Rosa spent a lot of time in her new, sunny kitchen, working jigsaw puzzles on the table, looking out the big window, over the panoramic mountain scenery, and watching the birds. 

Rosa said they never did have many “material things.” 

“If we had sold off some of the land around here,” she said, “there would’ve been a little money for things like a new room.”

But the land had been in the family for generations, and Ray never wanted to part with it. “I don’t want to get to heaven one day and have Ray tell me ‘You didn’t do what I wanted you to do,’ Rosa said. ‘I couldn’t stand for something like that to happen.” 

She was sincerely grateful to those who helped make her world easier. “The old ways weren’t so bad, but now that I’ve had it easier, it would be hard to do without.”
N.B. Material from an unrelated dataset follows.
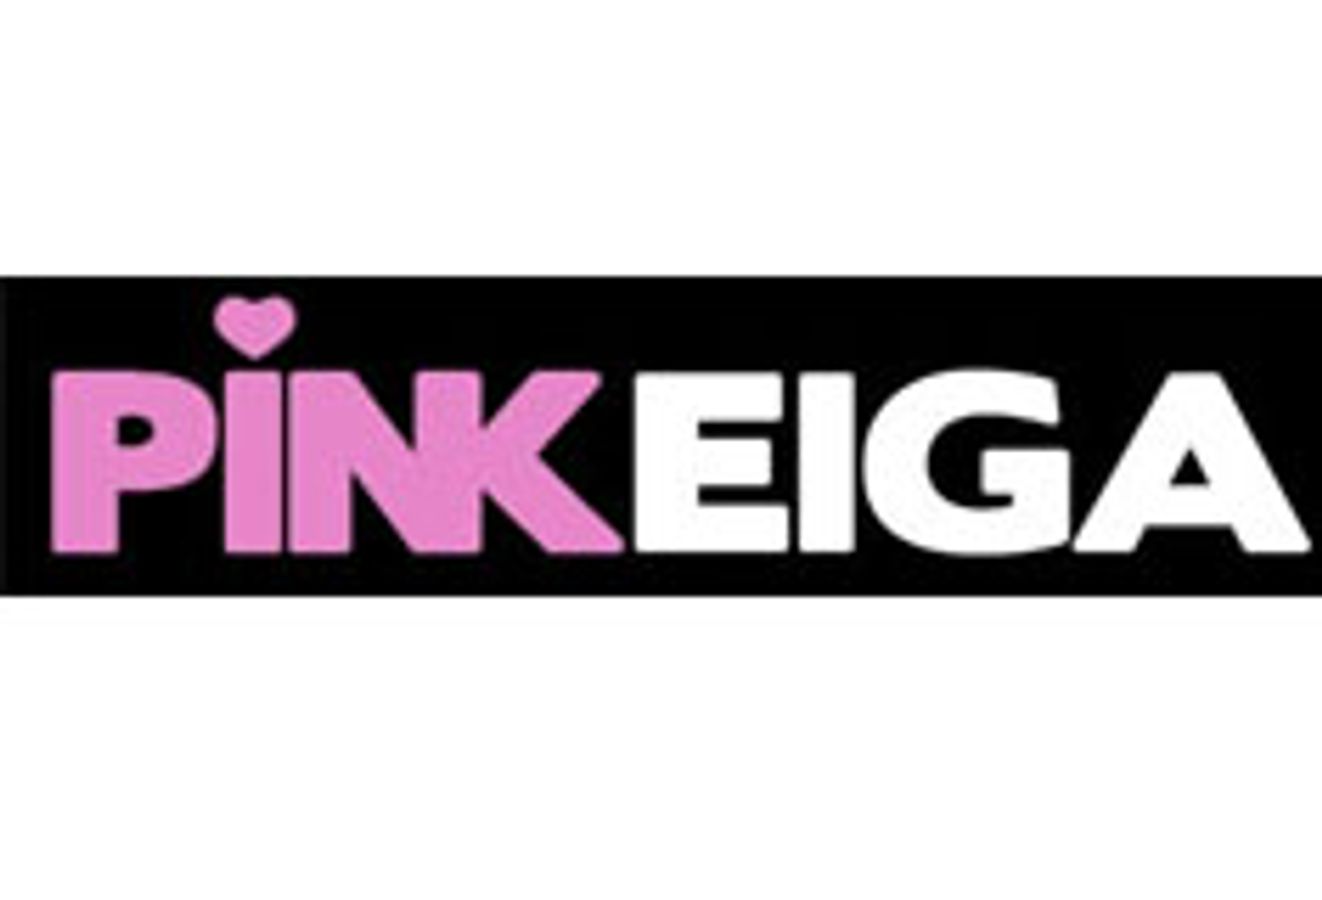 Pink Eiga
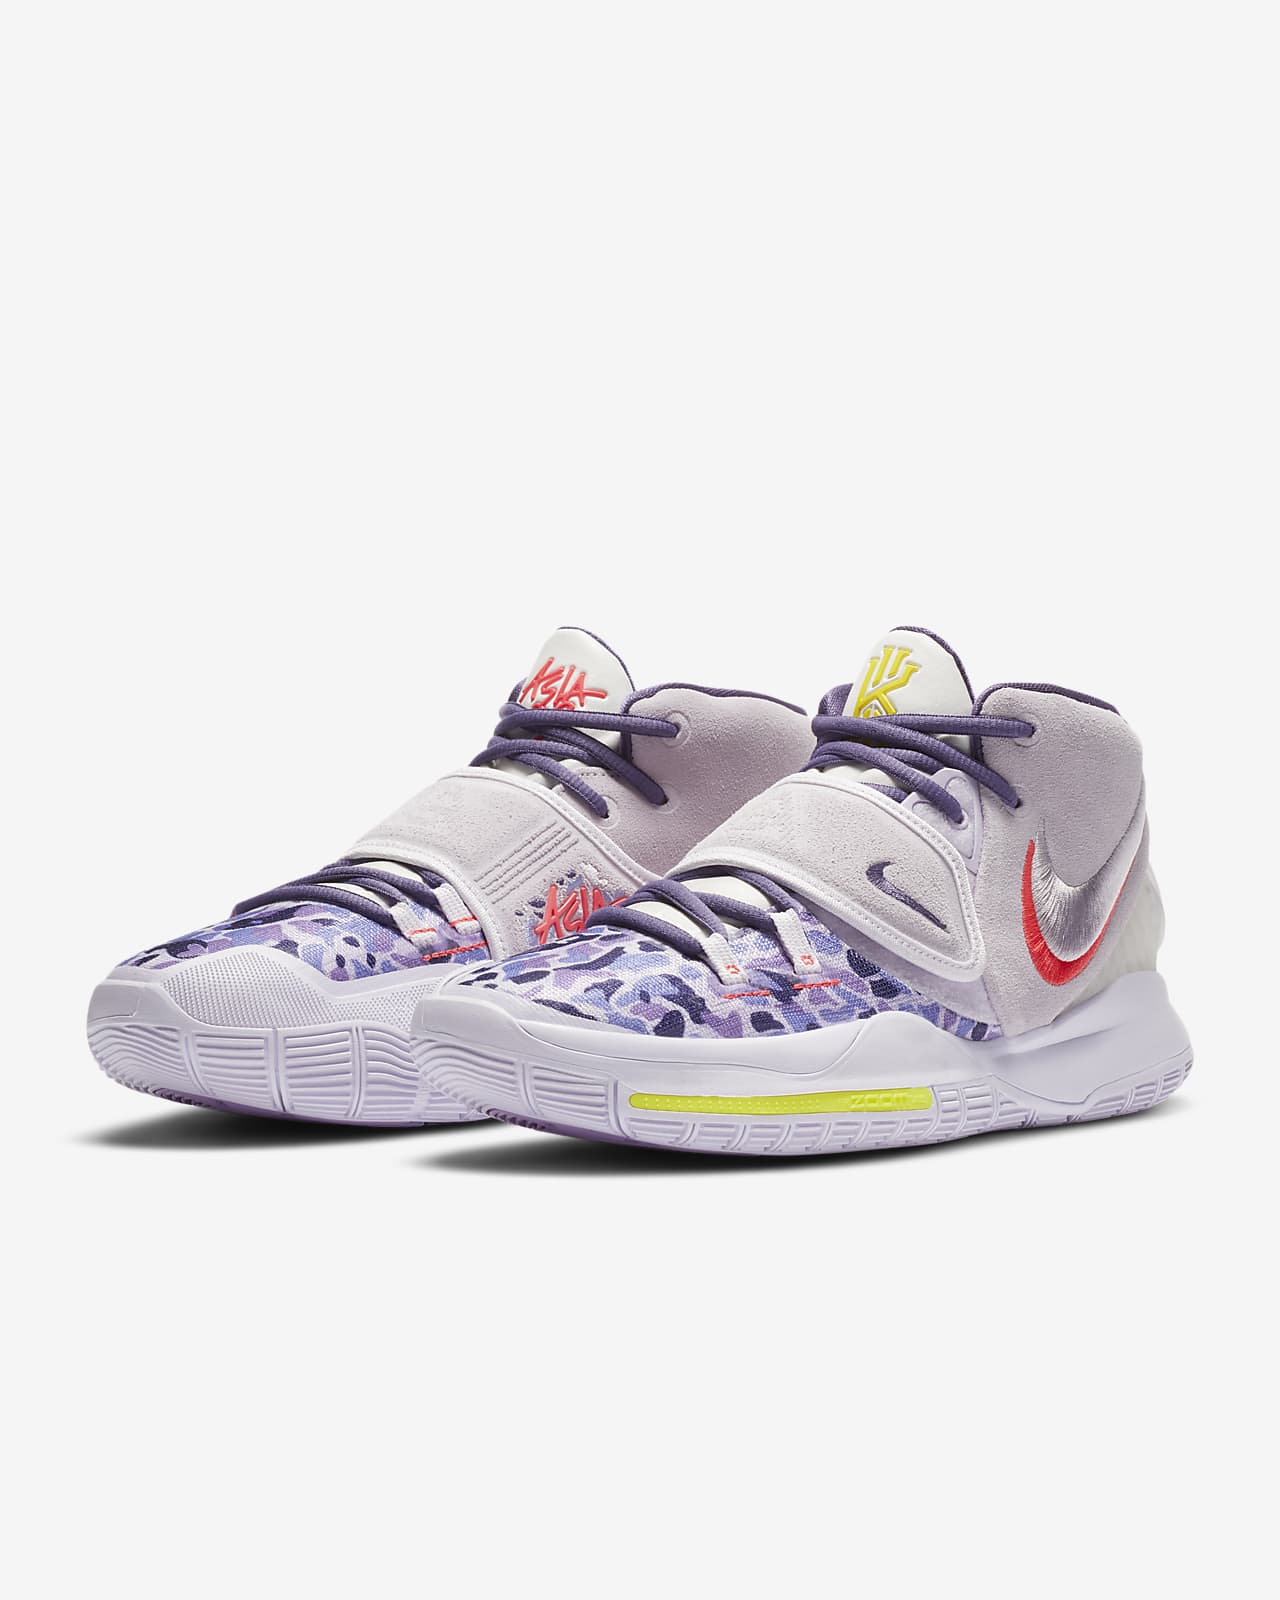 Sepatu Model Nike Kyrie 6 Bahan NYC untuk Pria Shopee

Old Mountain Road was never the same after Ray’s passing, but still a part of him remained in that old house. The “high-falutin’ city slickers” that Ray often told about coming in search of him, were no longer trudging up the curvy graveled road looking for their story. But his obituary found its way to some of their papers, including The New York Times and the L.os Angeles Times.

Those of us who found him, time after time, still treasure the memories, and will always remember Ray Hicks and his family. 

Soon after his death, Rosa told me that Ray might’ve been gone, but his spirit never left. “He was laid to rest just over the hill, but I’ve heard him call my name. Once in a while we’ll hear a noise or a sound that only Ray himself could have made. Ted will say ‘There’s Dad.’ I knew he wouldn’t give up and leave easy.” 

And now,  the house at 218 Old Mountain Road has gone up in smoke, but  something tells me that Ray — and old Jack, too — will still hover around that mountain for a long time to come.